A common misconception about electronic based music is that if it isn’t being played in a dance club with a couple hundred sweaty bodies out on the floor shaking their asses to it, then it isn’t worth hearing. A shame, considering that there have been just as many albums that don’t feature four on the floor beats and fat bass lines that are steeped in electronica that don’t require you to do anything but listen. Certainly Kraftwerk, one of the earliest purveyors of the electronic music medium, got this point across well with their classic Autobahn album released in the early ‘70s. The German based outfit would also go on to forge cornerstones of techno and dance music, and be sampled by tons of DJs and rappers.
So from those early phases of electronica came such basic elements of techno, which itself then split off into a myriad of forms like ambient, transient, drum & bass, jungle, house, acid jazz, and countless other mutations. The electronic artists who didn’t feel comfortable within the confines of a typical house groove, with its faceless vocals, stock piano riffs, and a steady BPM that had as much to do with disco as it did Kraftwerk, would often settle down into the more esoteric genres such as ambient that allowed the composer to create a sonic work much like an abstract painter might do with his canvas. Music to sit down and ponder upon, create your own images for and draw your own translations from. Brian Eno was one of the first to work with ambient textures, releasing albums like Music for Airports in the mid-‘70s.

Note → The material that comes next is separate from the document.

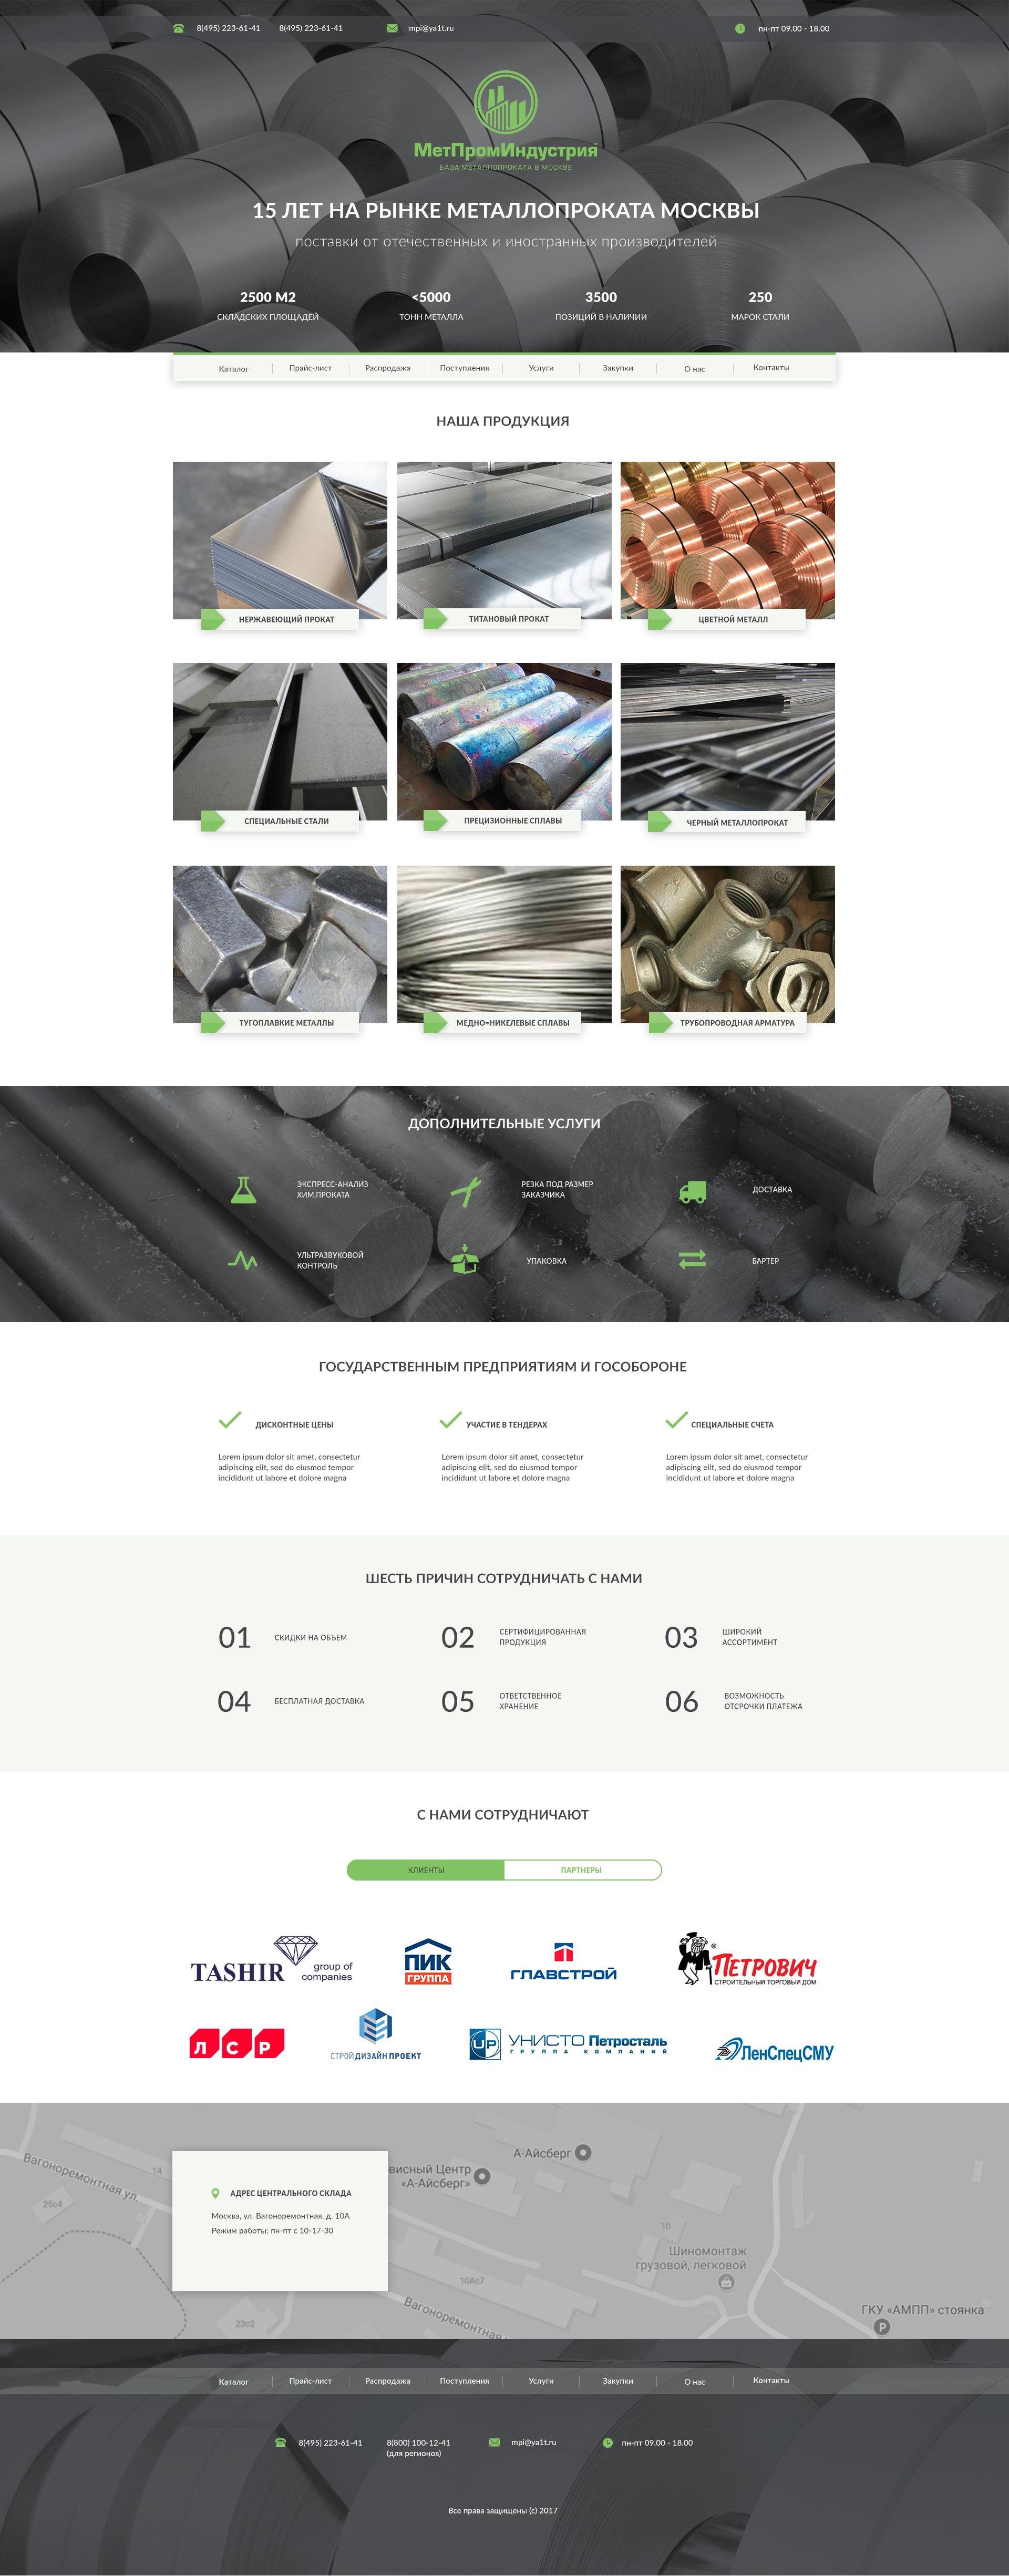 Дизайн сайта для металлоторгующей компании фото f_402599057b0e12fb.jpg

A myriad of artists have followed those blueprints throughout the decades since. Transient, from Philadelphia Pennsylvania has recently released The Conceptual World Is Losing Its Grip. This is another thing that should certainly be addressed about the electronic music medium. There are often concepts within the albums and sounds that attempt to bring about a message of the world, its people, and even the universe coming together as one and breaking free from societal constraints. Perhaps this is an ironic trait, given that some music purists would argue that electronica is not relevant simply because it isn’t played out on organic instruments. Within the machine made music the message of unity and understanding exists. The purists scoff, pondering just how something like that could be. After all this time, one would think that these detractors would finally give it up. After all, there have been countless horrible albums created with guitars and drums.

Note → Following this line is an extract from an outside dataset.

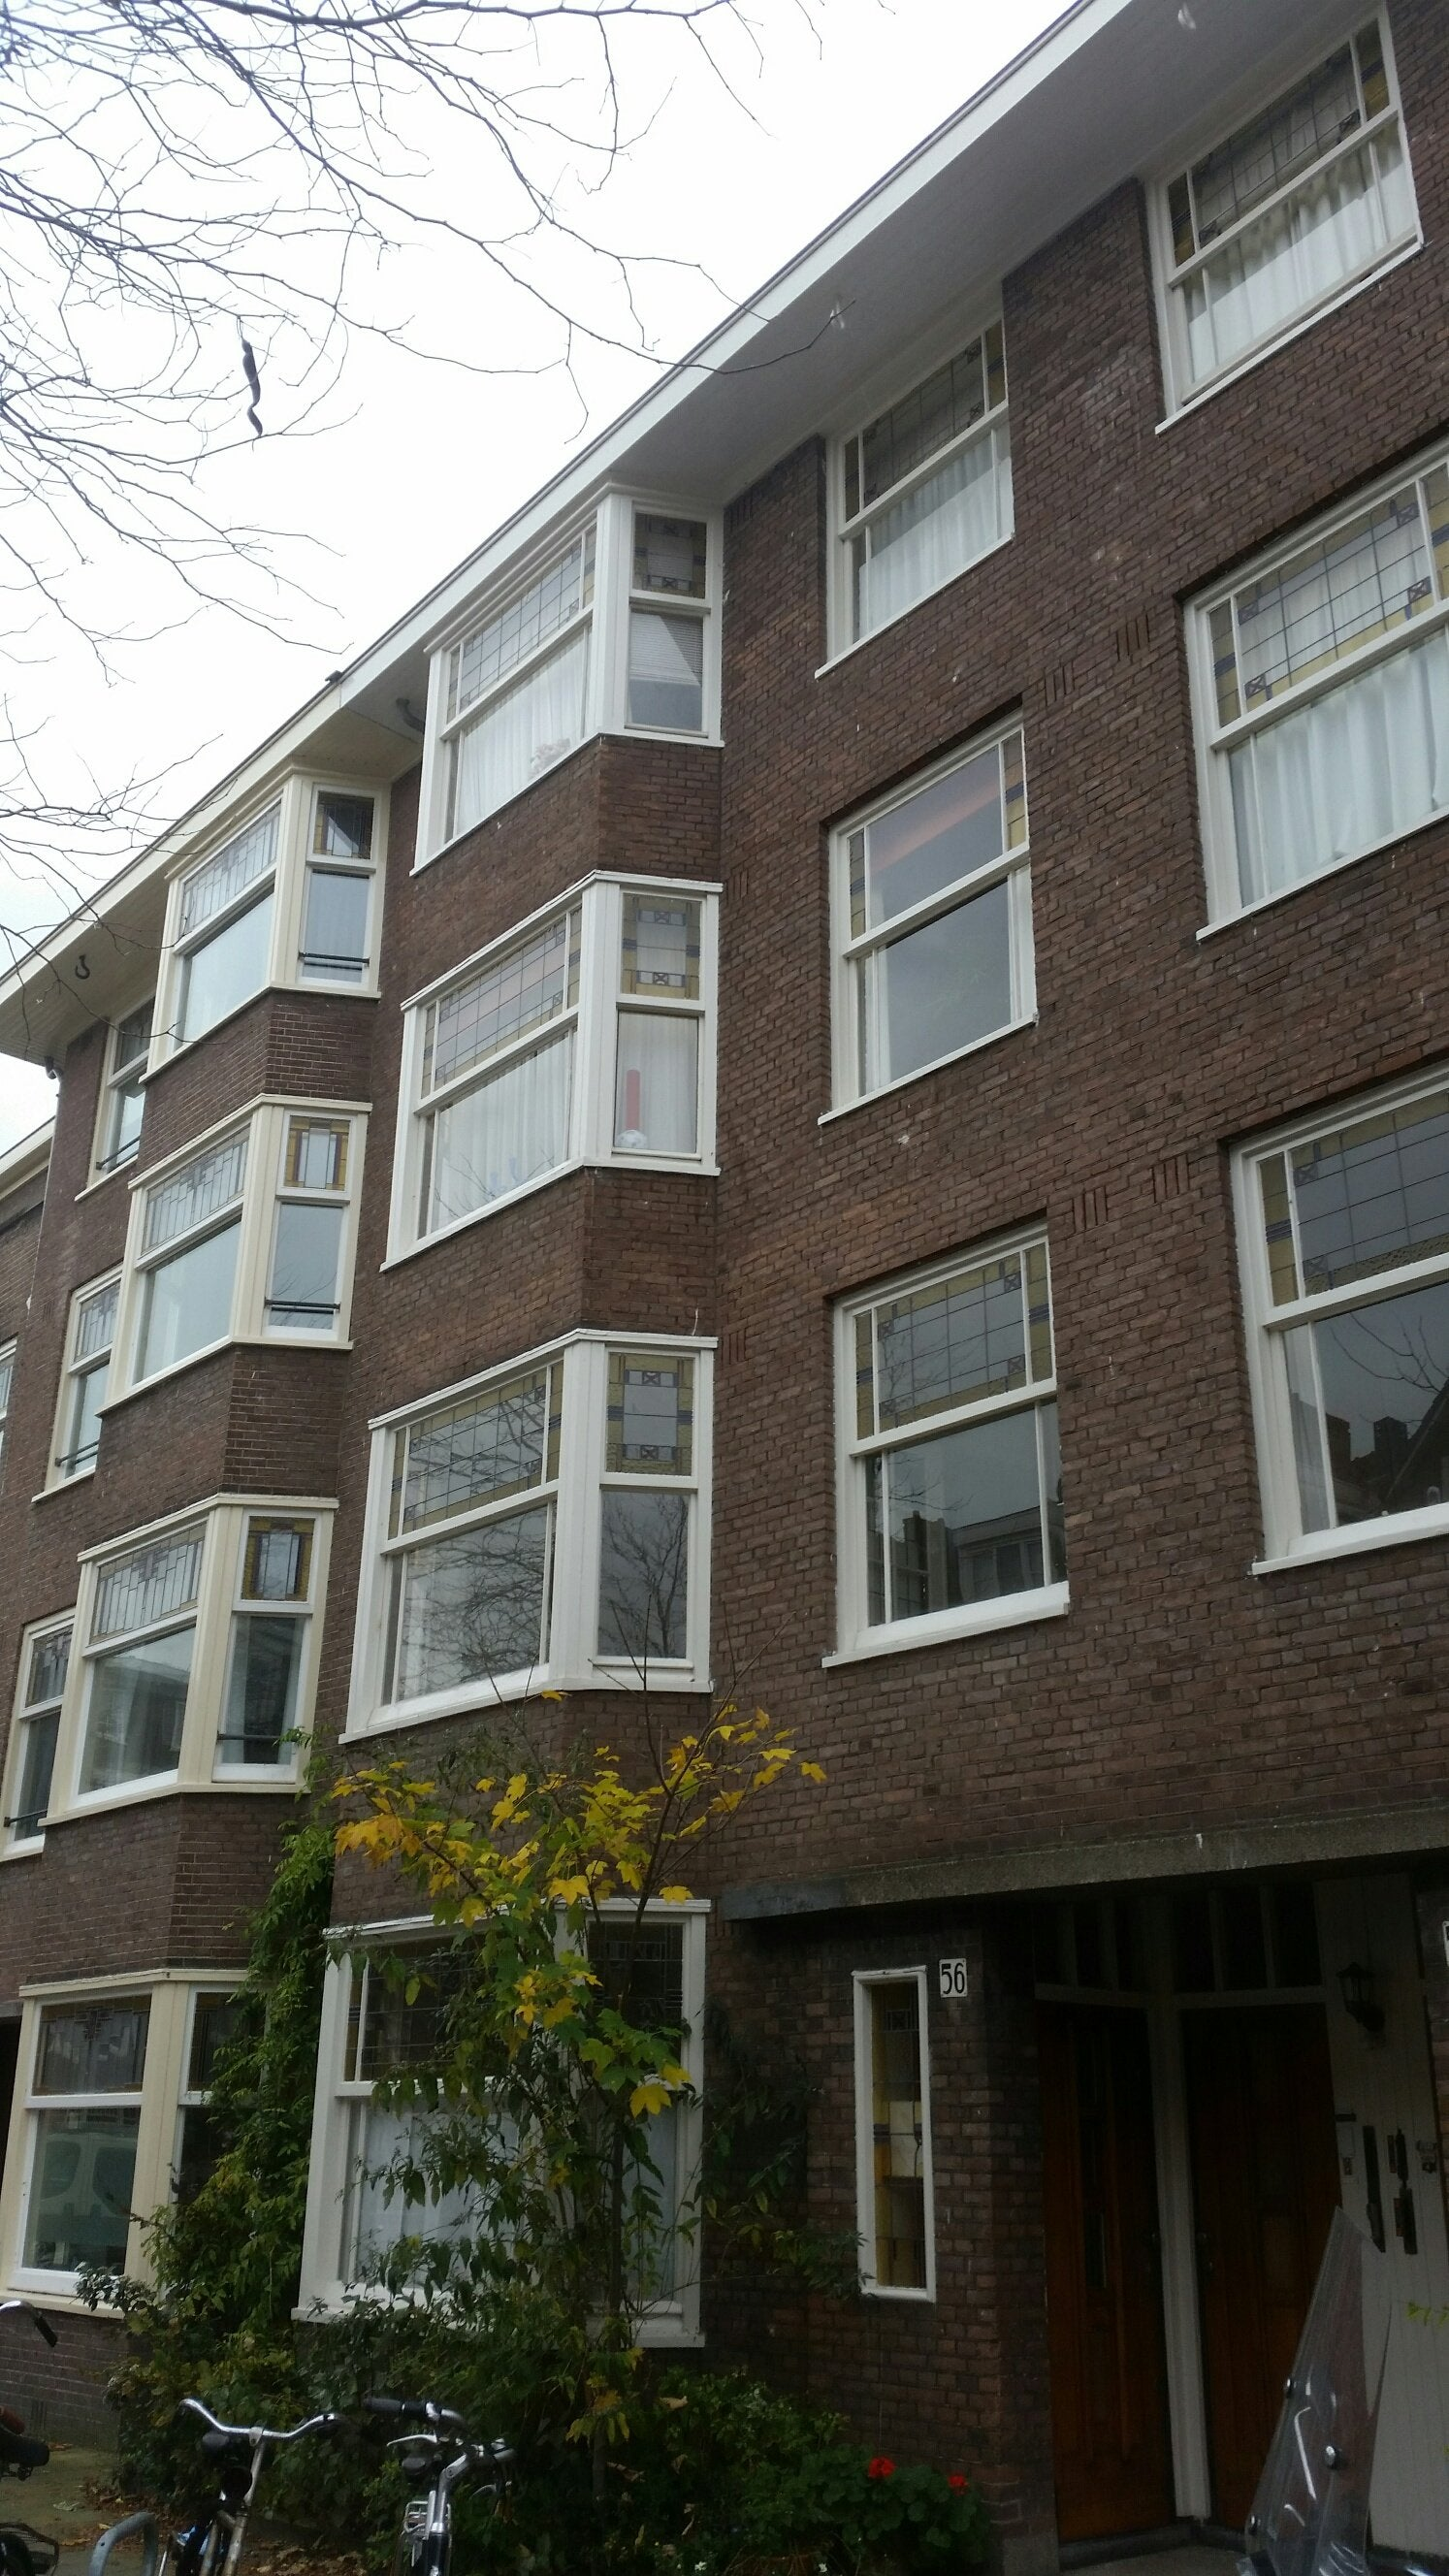 Amsterdam, Gaaspstraat

So how does Transient’s music stack up outside of the club? Well enough, though this album does tend to peter out before the ending arrives, a plague that often accompanies such albums. Oft-times, the best tracks will be shifted towards the front of the disc, and that certainly seems to be the case here. Opening with the title track, the album begins on a lush note, with plenty of quick, scattershot beats and an East Asian melody that is both transfixing and influential enough on the old toes to set them tapping. This then blends into the track “Current 2” that seemingly does the undoable by taking what sounds like an old cheap Casio or Yamaha keyboard and making it sound terrific. The melody line that is played off the instrument has those old tones similar to those musical doorbells that were once all the rage.
“Winter Eyes” pursues a lush tone, exposing a harp-like melody line, slower rhythm, and strings and buzzing noises that alternately shift about the aural picture. The interestingly titled “It’s not for you, it’s for the cat” starts out rather annoyingly, sounding like nothing more than some old video game music gone berserk, before finally settling in on a bouncing melody full of squiggles and what sounds like electronic water droplets. Give Transient credit for trying out different things on all these tracks, even if the sounds themselves come across as a bit too similar, in that they keyboard tones and beats don’t seem to vary too much even though the tracks as a whole do tend to branch out in different directions.
Still, the whirring, buzzing beats and swirling tones of “Geooeg” make for pleasant listening. However, “Animal Laws” with its repeated, sped up vocal sample declaring “Animal laws have survived it again”, The Conceptual World starts to lose its own grip on the listener as the tune seemingly regurgitates all the tracks that came before it. By this time, the slippery beats have been used up and the electronic squiggling doesn’t seem to break any new ground. The nearly nine minute “Night Vision” continues along, though, on the same patterns of doorbell-like tones and mechanical beats. Perhaps if this album had just been a five track EP it could have been stronger, but the latter half of the album only echoes the first half, and weakly at that.
Transient does pull one more trick out of its hat before the disc ends. The jazzy “On the Edge of Time” features some nice piano melodies and a soulful groove. And that is exactly where this album should have ended, rather than going on back into “Algae” that repeats the earlier formulas, and “Intermission” whose drum beats sound too distorted and bombastic.
Had Transient had a little more differentiating tonal and melody work going on here, then this album could have been successful throughout. Unfortunately, only the first half is strong before going into an autopilot setting and backtracking over itself. There’s nothing bad at all about the music itself. It is enjoyable and provides a good backdrop to driving around or sitting around and reading or just relaxing. But it would have been nice had it expanded just a little, allowing its palette to continue along the path upon which it began. The Conceptual World Is Losing Its Grip is pleasant enough without being terribly groundbreaking.